§ What to produce:
Images excepted, the data below must be repeated exactly.

§ Dataset excerpt:
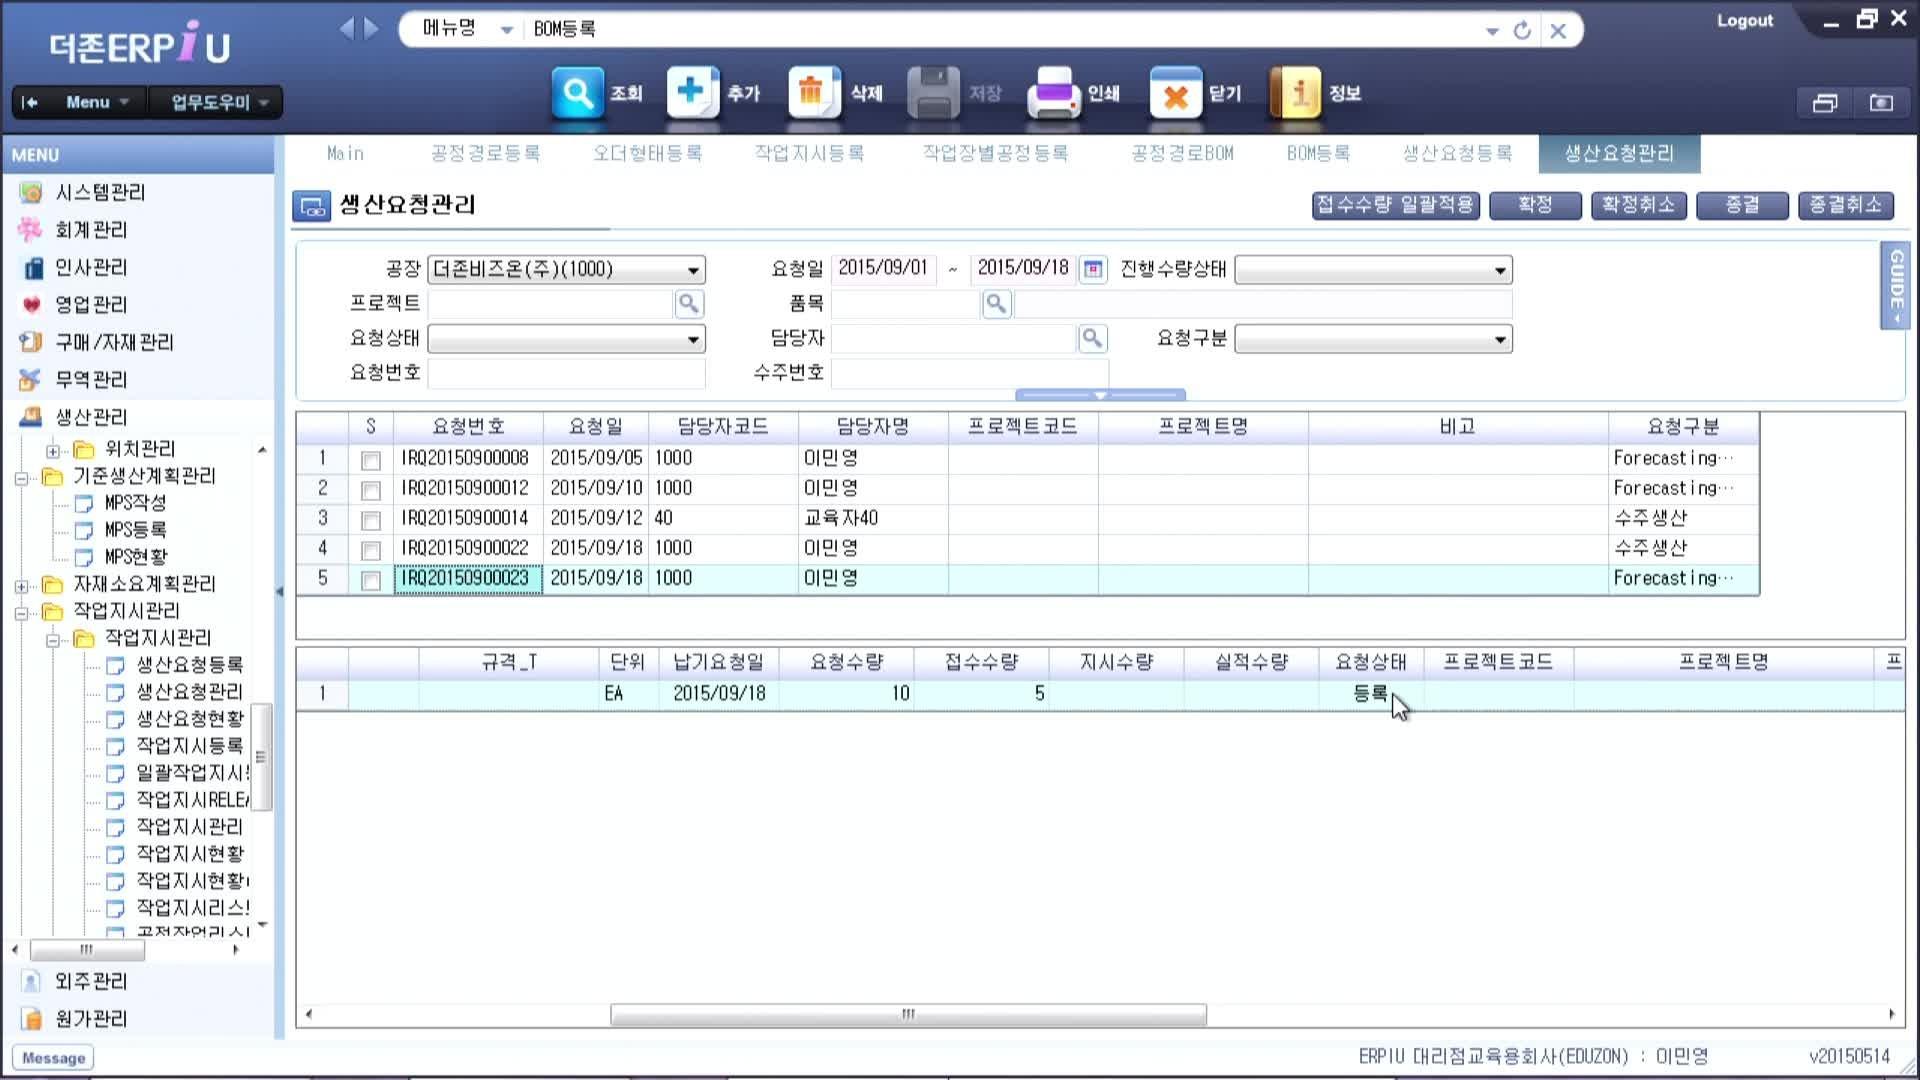 4차시_생산관리_작업지시관리 - 4. 생산요청 및 작업지시등록
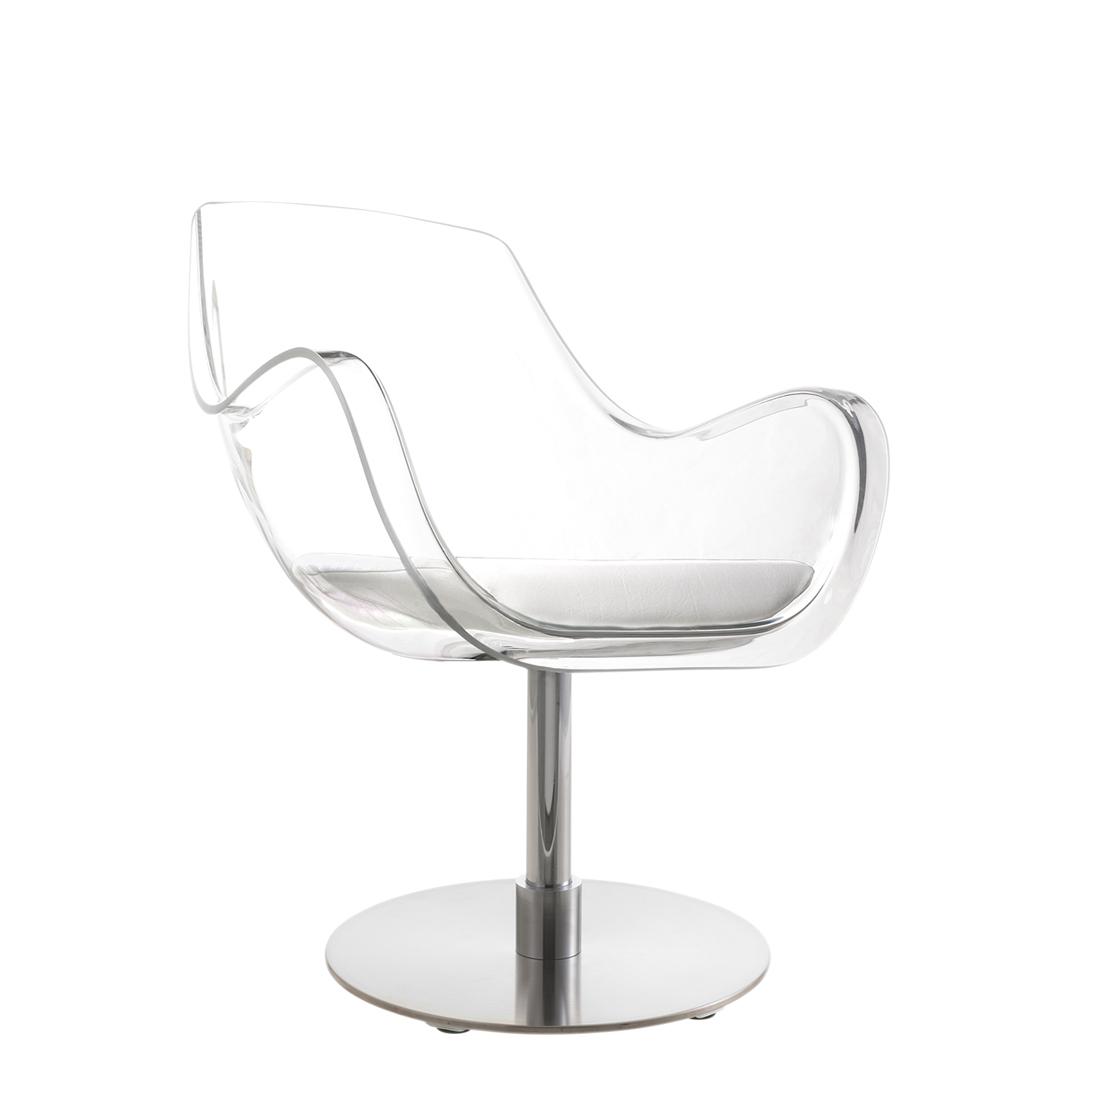 CINDARELLA – Manon chair 3
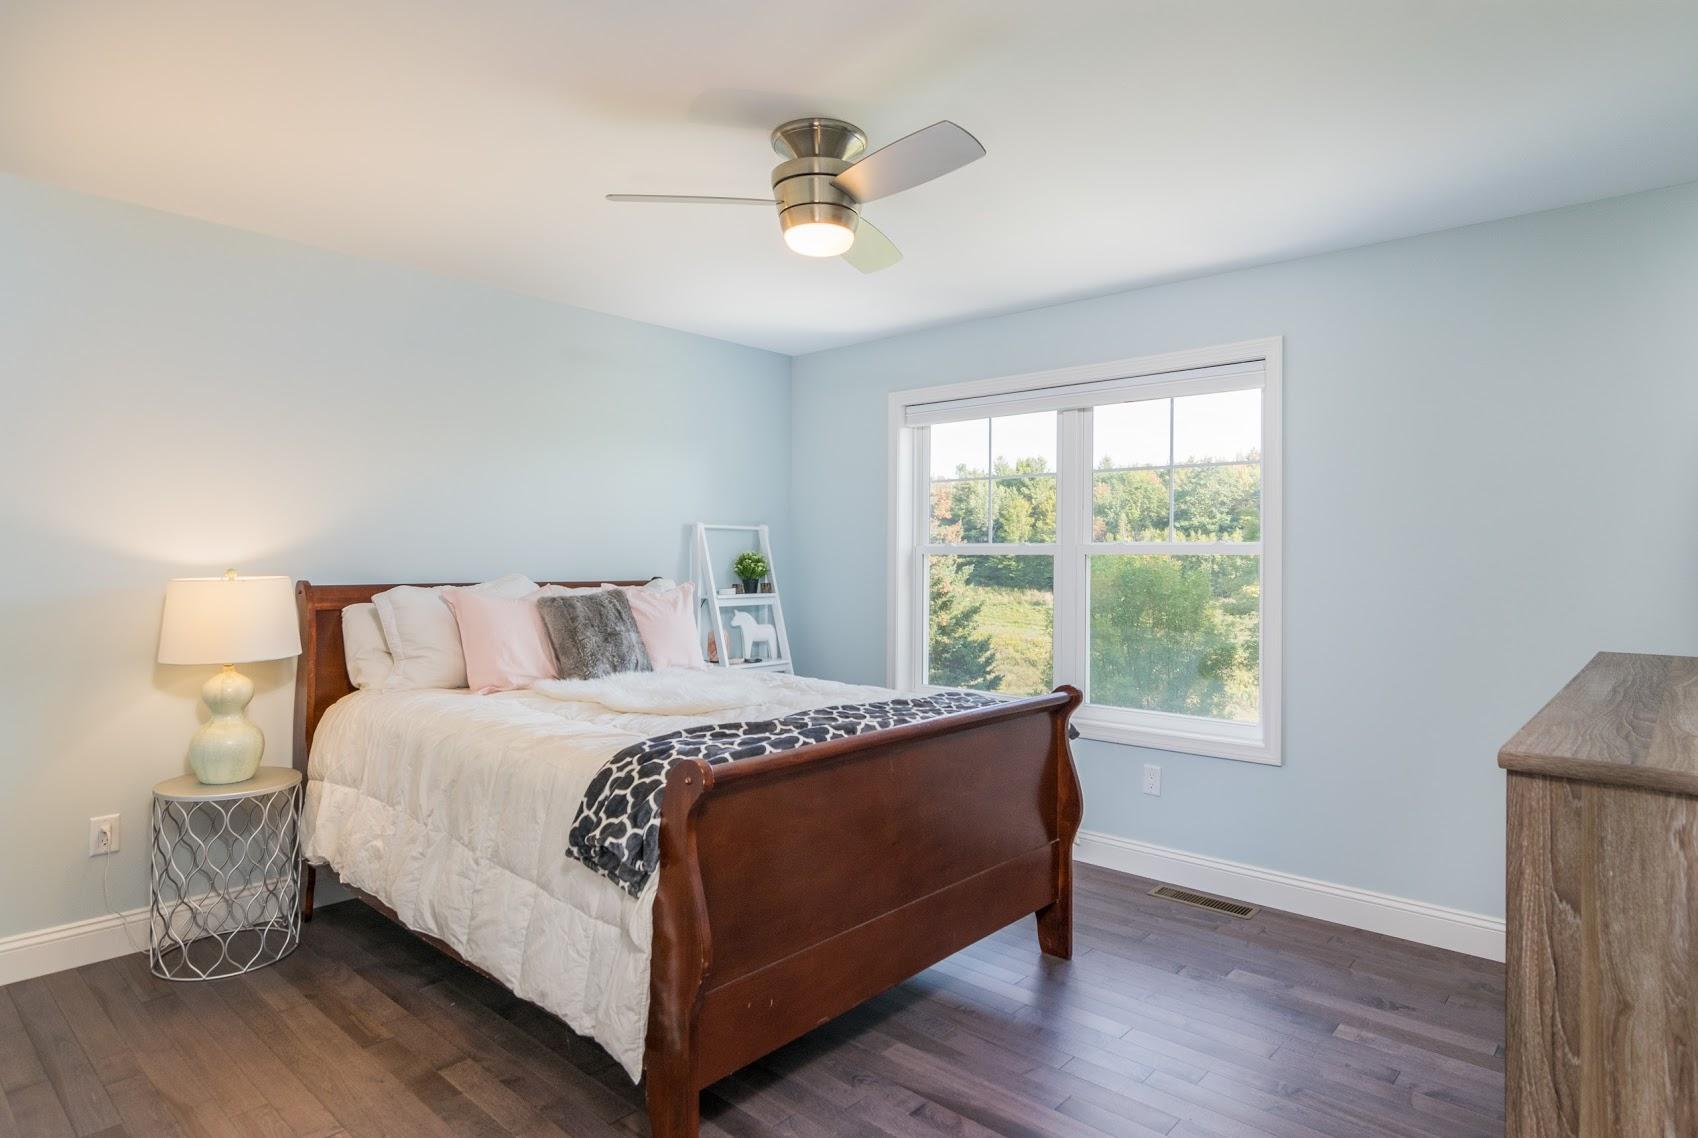 http://www.blackrockus.com/wp-content/uploads/2017/12/Freeman-Woods-Bedroom.jpg
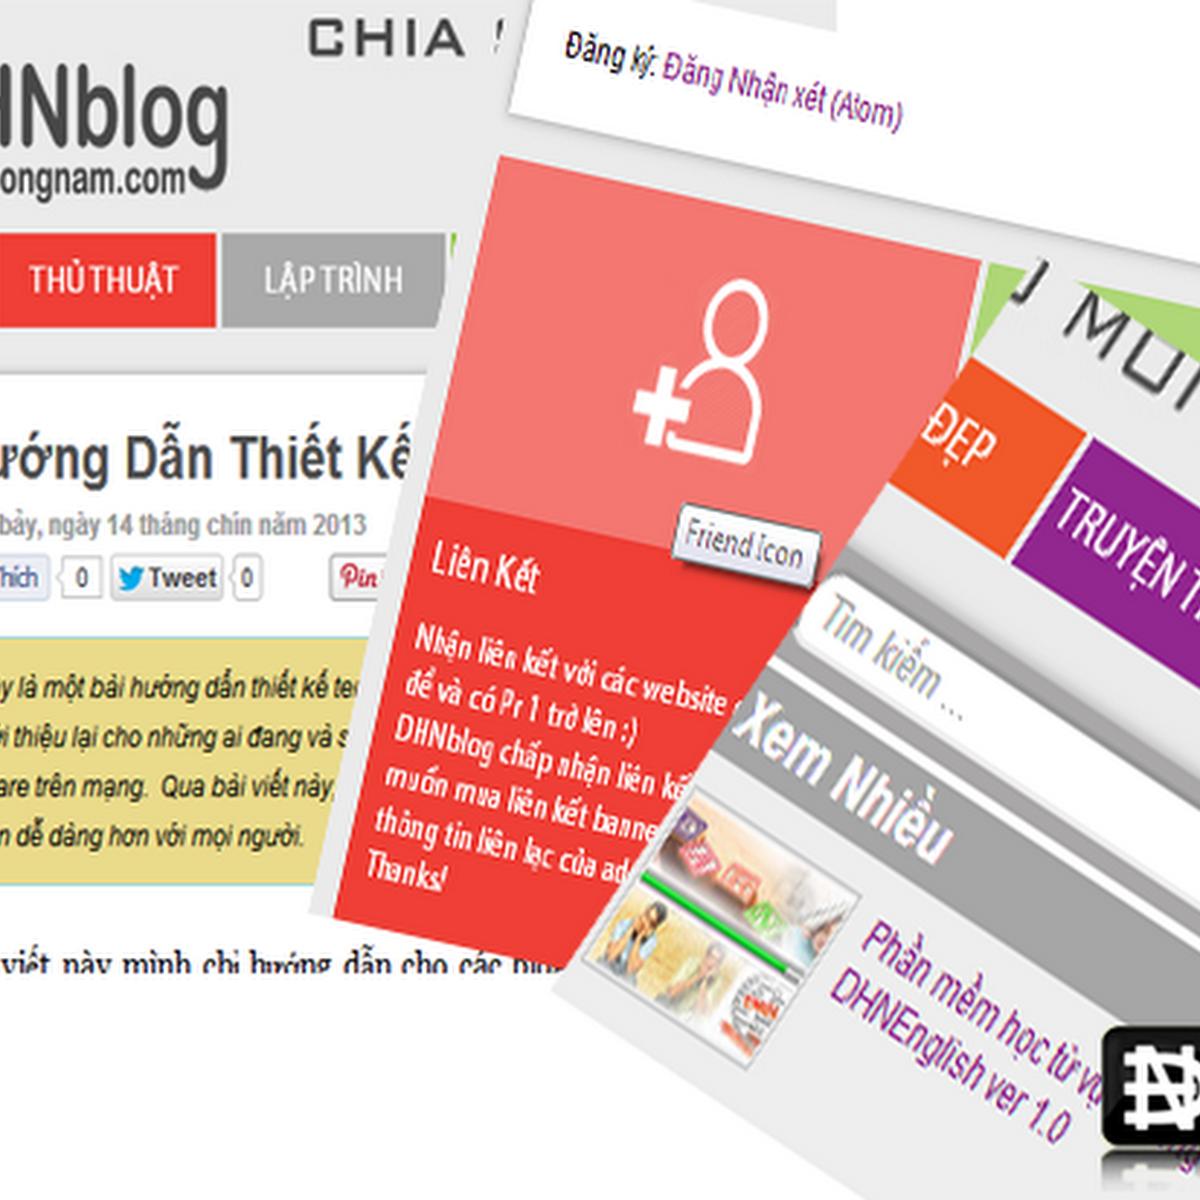 Hướng Dẫn Thiết Kế Template Blogger

§ Exercise output:
 4차시_생산관리_작업지시관리 - 4. 생산요청 및 작업지시등록
 CINDARELLA – Manon chair 3
 http://www.blackrockus.com/wp-content/uploads/2017/12/Freeman-Woods-Bedroom.jpg
 Hướng Dẫn Thiết Kế Template Blogger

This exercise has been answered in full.